** Material shown follows **
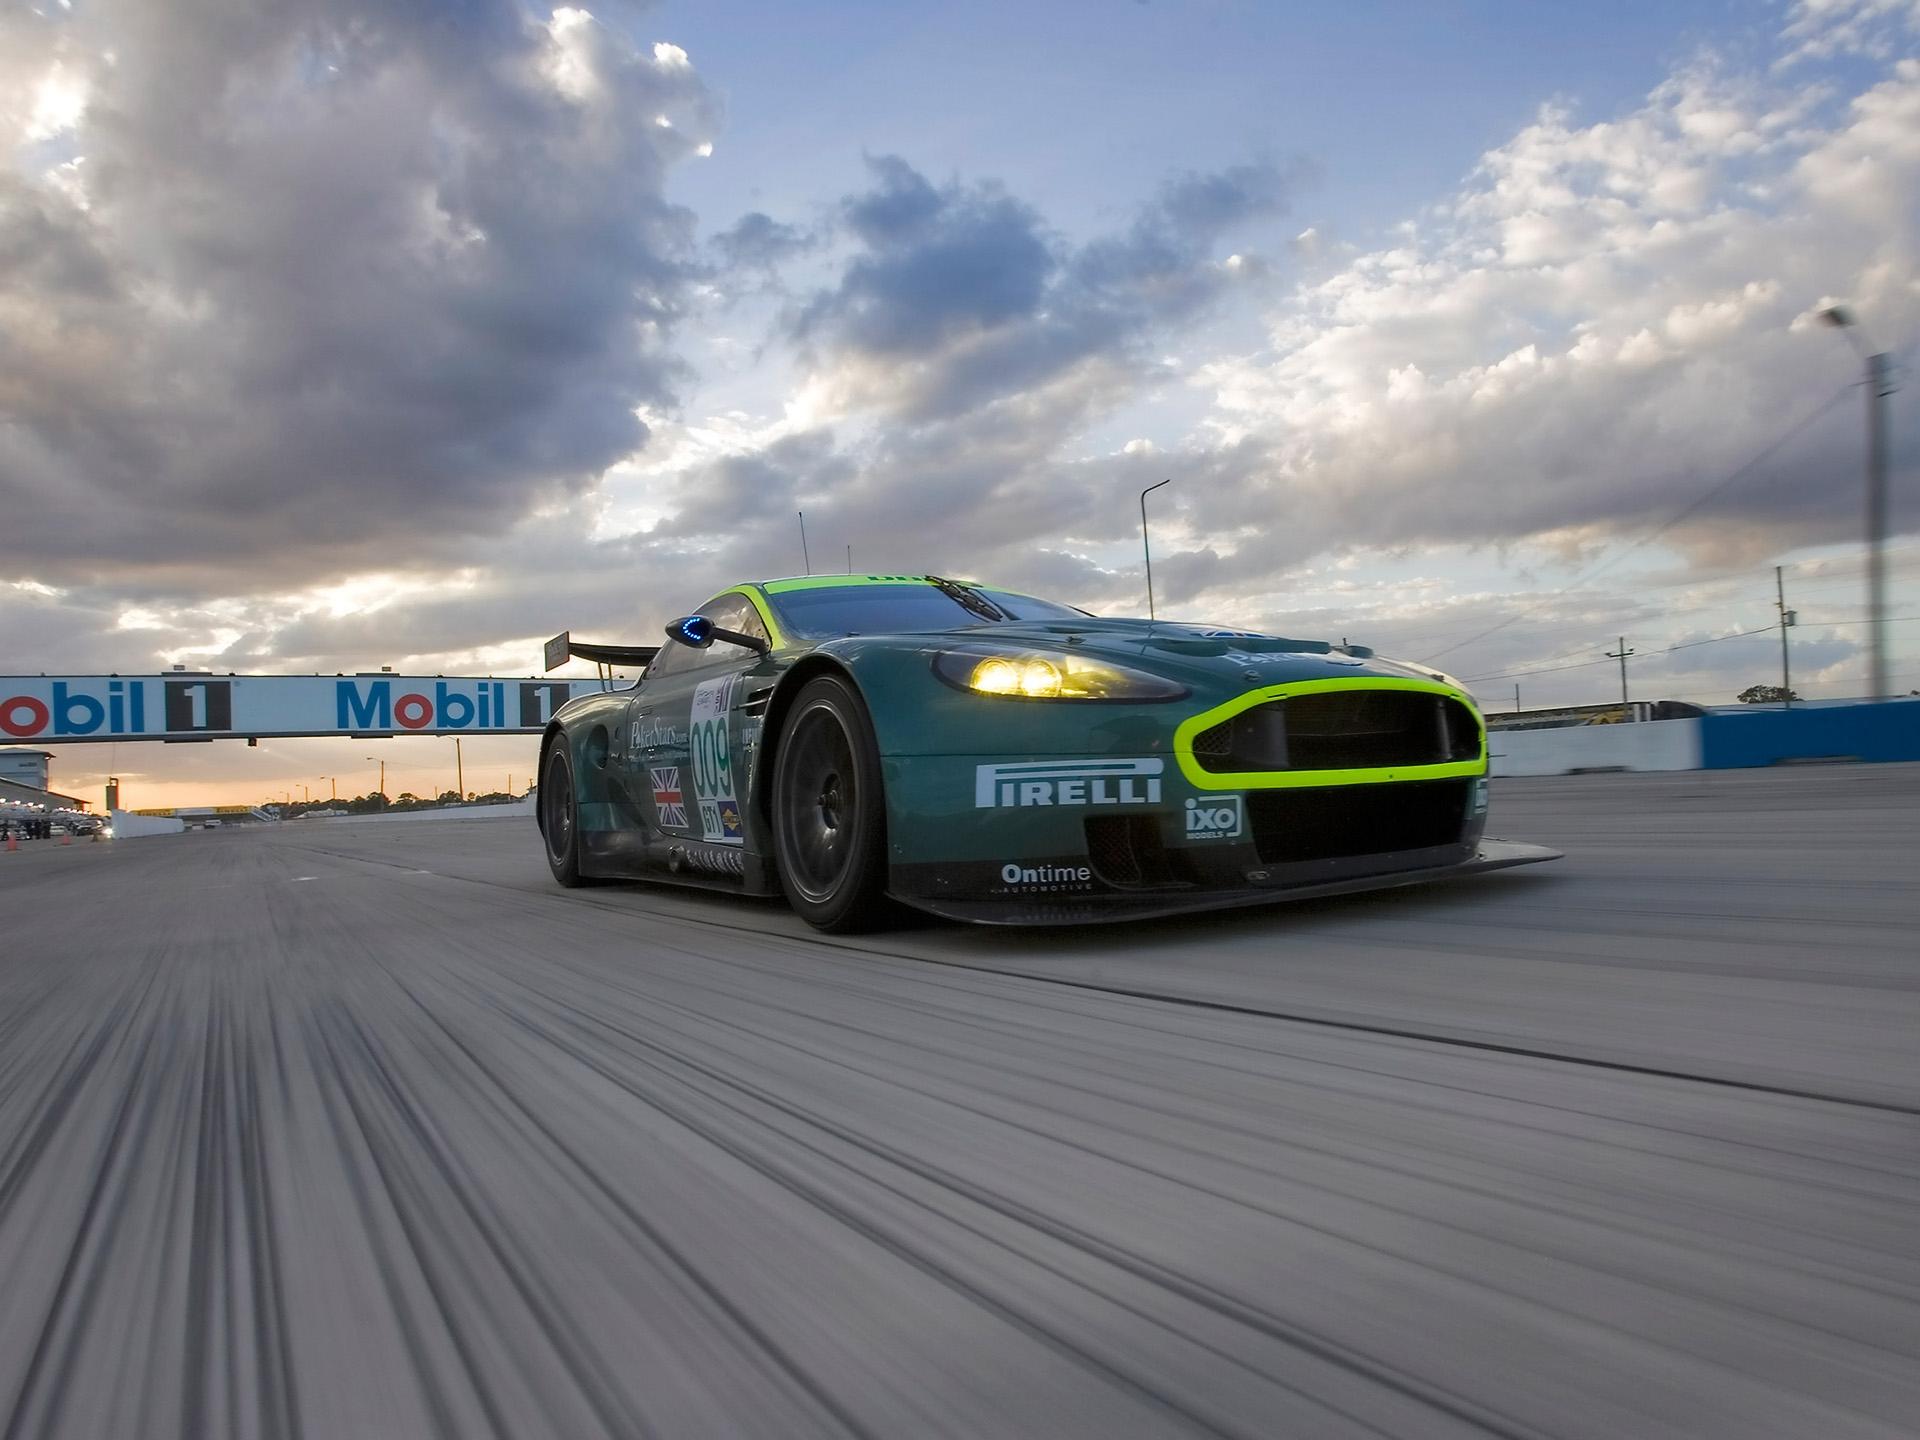 148690 скачать обои Спорт, Машины, Облака, Астон Мартин (Aston Martin), Тачки (Cars), Асфальт, Вид Спереди, Зеленый, Скорость, Стиль, 2005, Dbr9, Гоночный Болид - заставки и картинки бесплатно
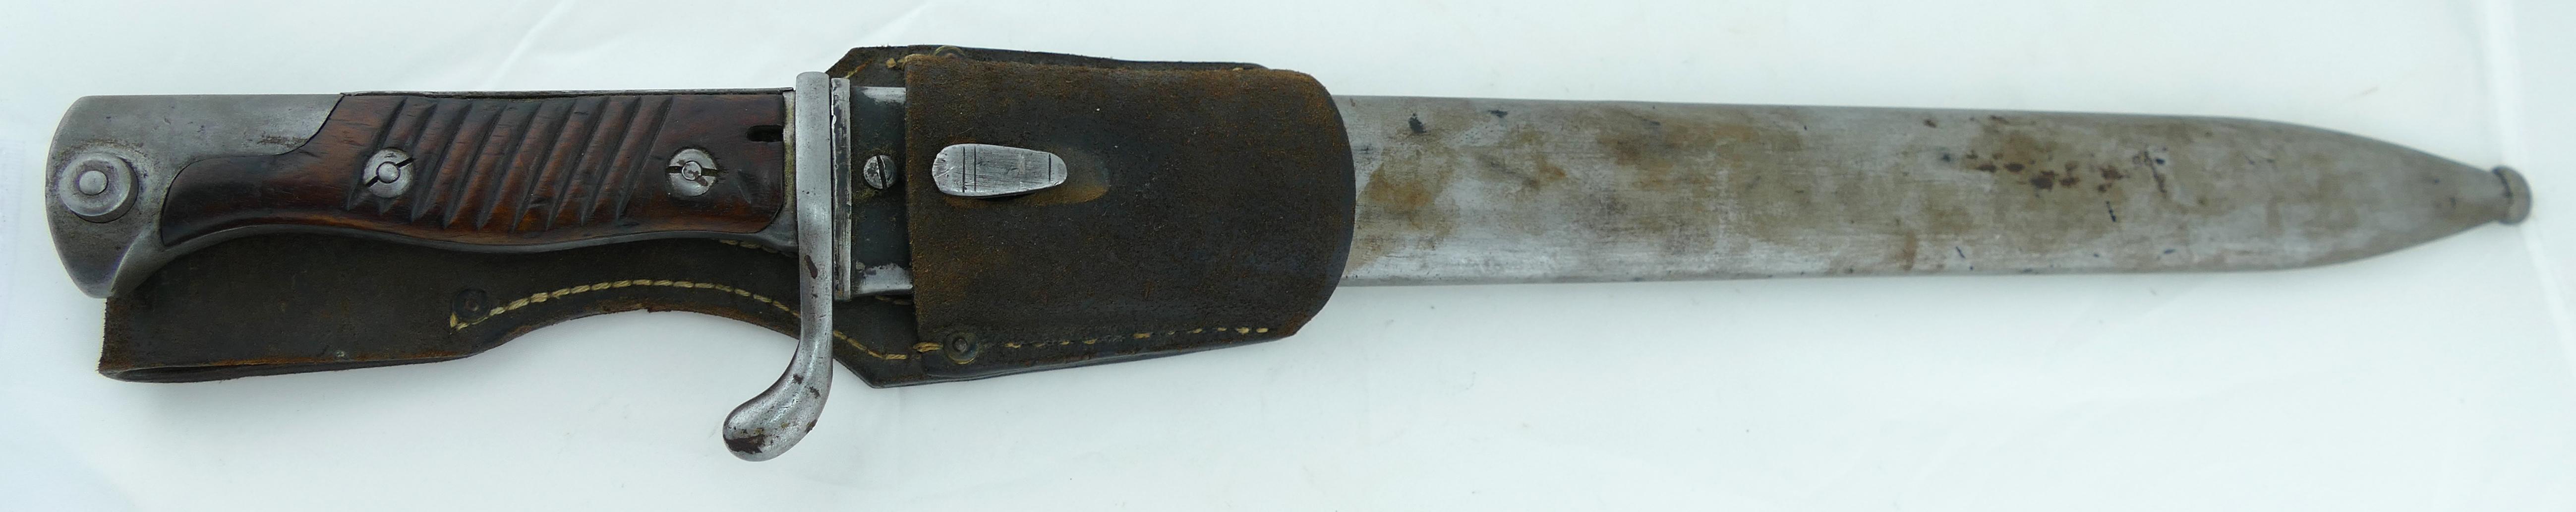 German_WWI_Gewehr_98_Butcher_Bayonet_w_Frog_and_Scab_9
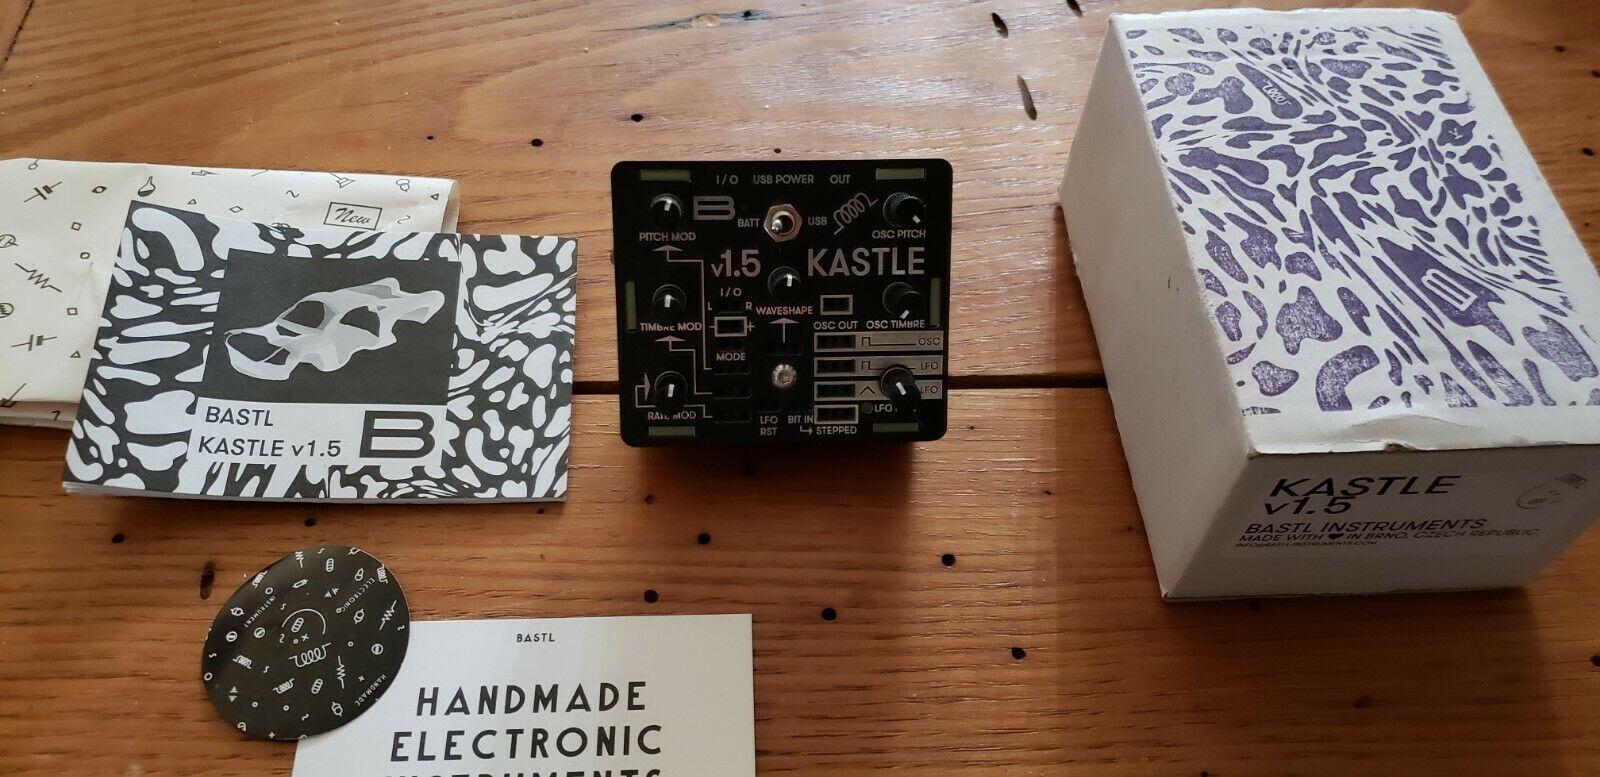 Bastl Instruments Kastle Synth V1.5
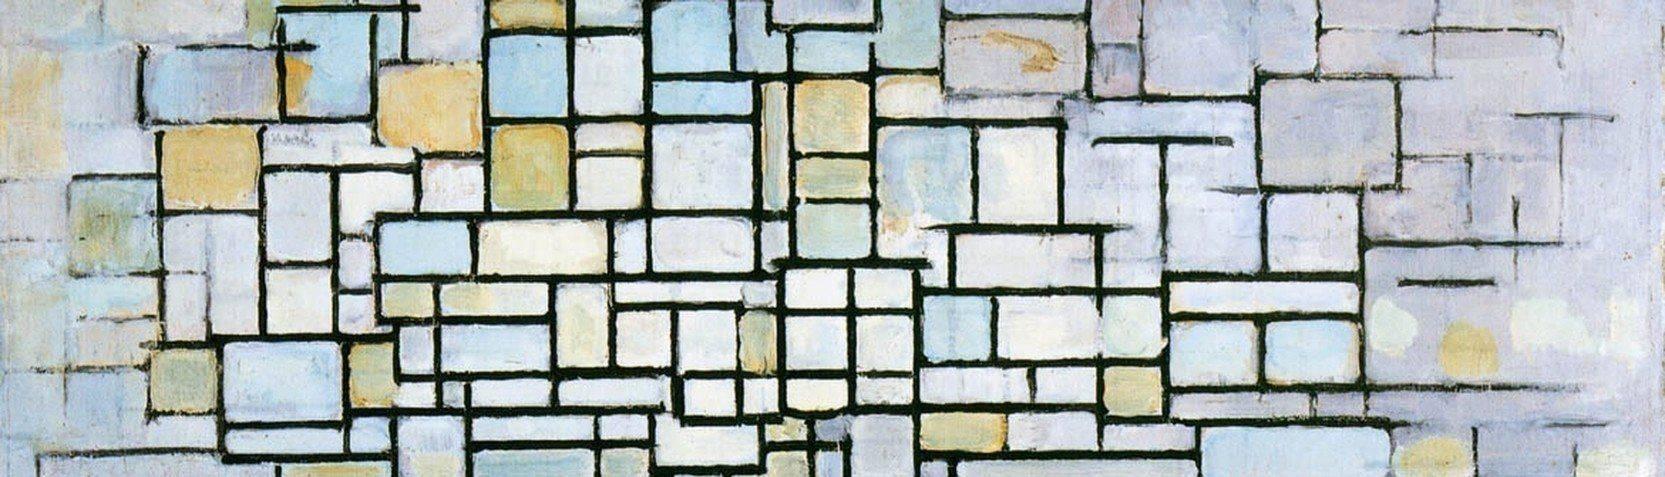 Künstler - Piet Mondrian
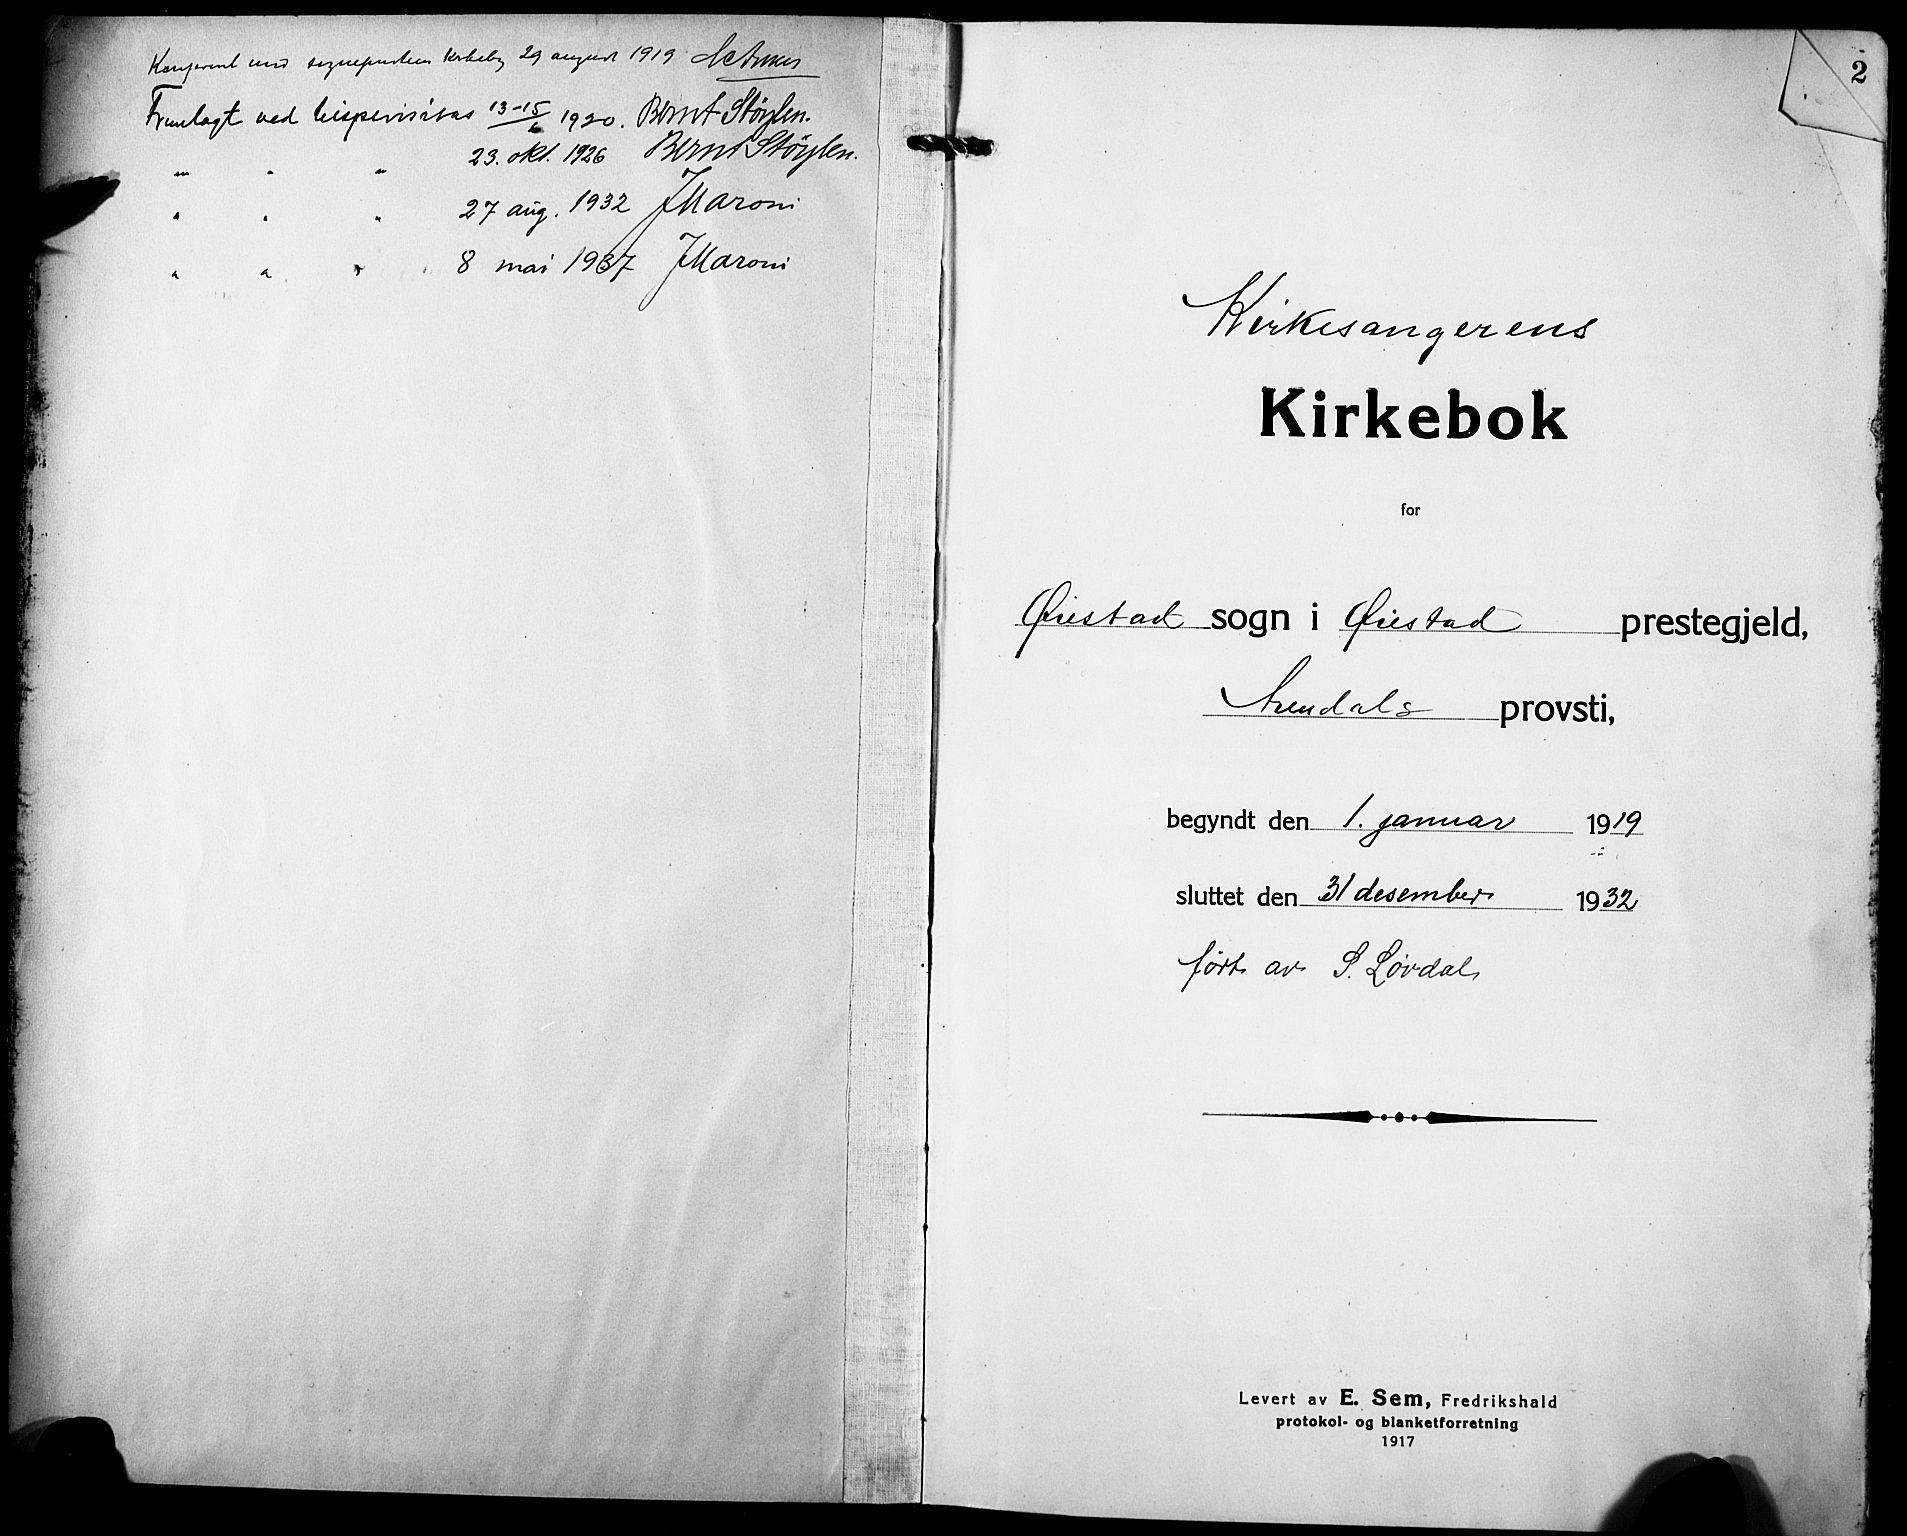 SAK, Øyestad sokneprestkontor, F/Fb/L0012: Klokkerbok nr. B 12, 1919-1932, s. 1
** End of Material shown **
#### [What the exercise asks]
Quote the records above exactly, leaving out any pictures.

#### [Output of the exercise]
 148690 скачать обои Спорт, Машины, Облака, Астон Мартин (Aston Martin), Тачки (Cars), Асфальт, Вид Спереди, Зеленый, Скорость, Стиль, 2005, Dbr9, Гоночный Болид - заставки и картинки бесплатно
 German_WWI_Gewehr_98_Butcher_Bayonet_w_Frog_and_Scab_9
 Bastl Instruments Kastle Synth V1.5
 Künstler - Piet Mondrian
 SAK, Øyestad sokneprestkontor, F/Fb/L0012: Klokkerbok nr. B 12, 1919-1932, s. 1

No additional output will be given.